I have been working on Apache Beam for a couple of days. I wanted to quickly iterate on the application I am working and make sure the pipeline I am building is error free. In spark we can use sc.parallelise
and when we apply some action we get the value that we can inspect.
Similarly when I was reading about Apache Beam, I found that we can create a PCollection
and work with it using following syntax
with beam.Pipeline() as pipeline:
lines = pipeline | beam.Create(["this is test", "this is another test"])
word_count = (lines
| "Word" >> beam.ParDo(lambda line: line.split(" "))
| "Pair of One" >> beam.Map(lambda w: (w, 1))
| "Group" >> beam.GroupByKey()
| "Count" >> beam.Map(lambda (w, o): (w, sum(o))))
result = pipeline.run()
I actually wanted to print the result to console. But I couldn't find any documentation around it.
Is there a way to print the result to console instead of saving it to a file each time?

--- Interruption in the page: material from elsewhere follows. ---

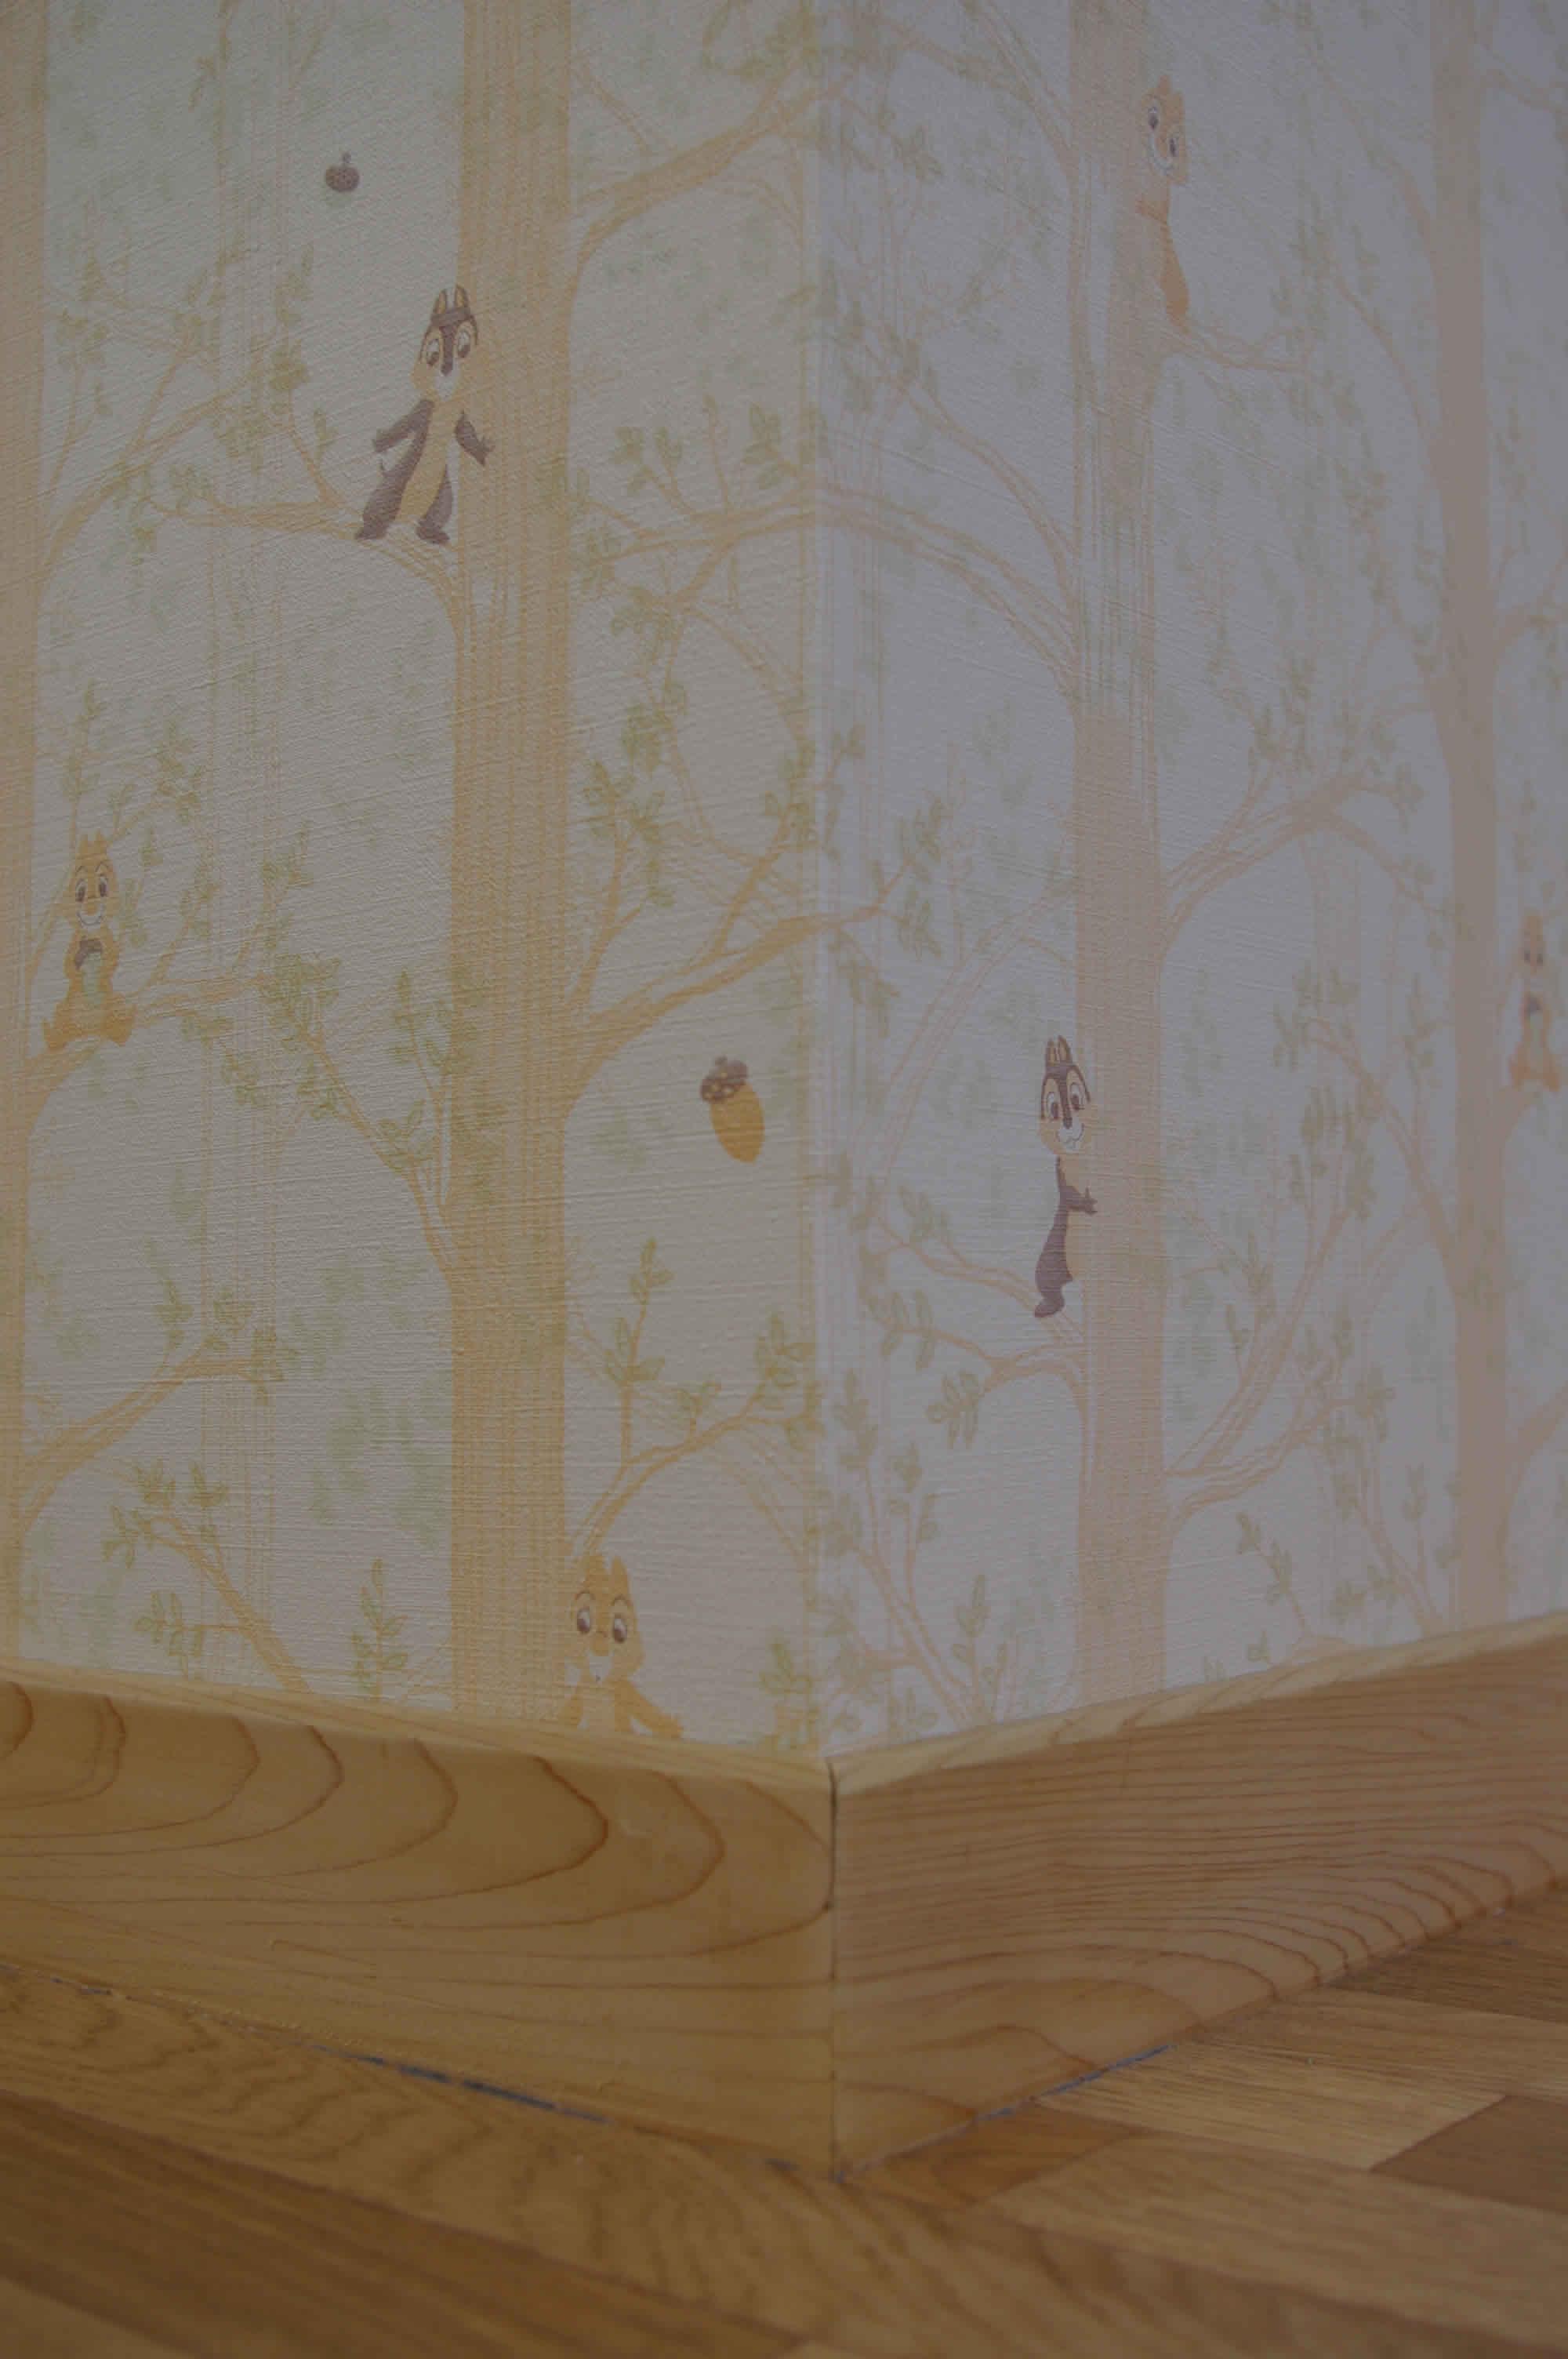 E 11 壁紙 クロス 自分でできる 生のり付壁紙 クロス 珪藻土の塗り壁材の販売 ウォールスタイル

You don't need the temp list. In python 2.7 the following should be sufficient:
def print_row(row):
print row
(pipeline
| ...
| "print" >> beam.Map(print_row)
)
result = pipeline.run()
result.wait_until_finish()
In python 3.x, print
is a function so the following is sufficient:
(pipeline
| ...
| "print" >> beam.Map(print)
)
result = pipeline.run()
result.wait_until_finish()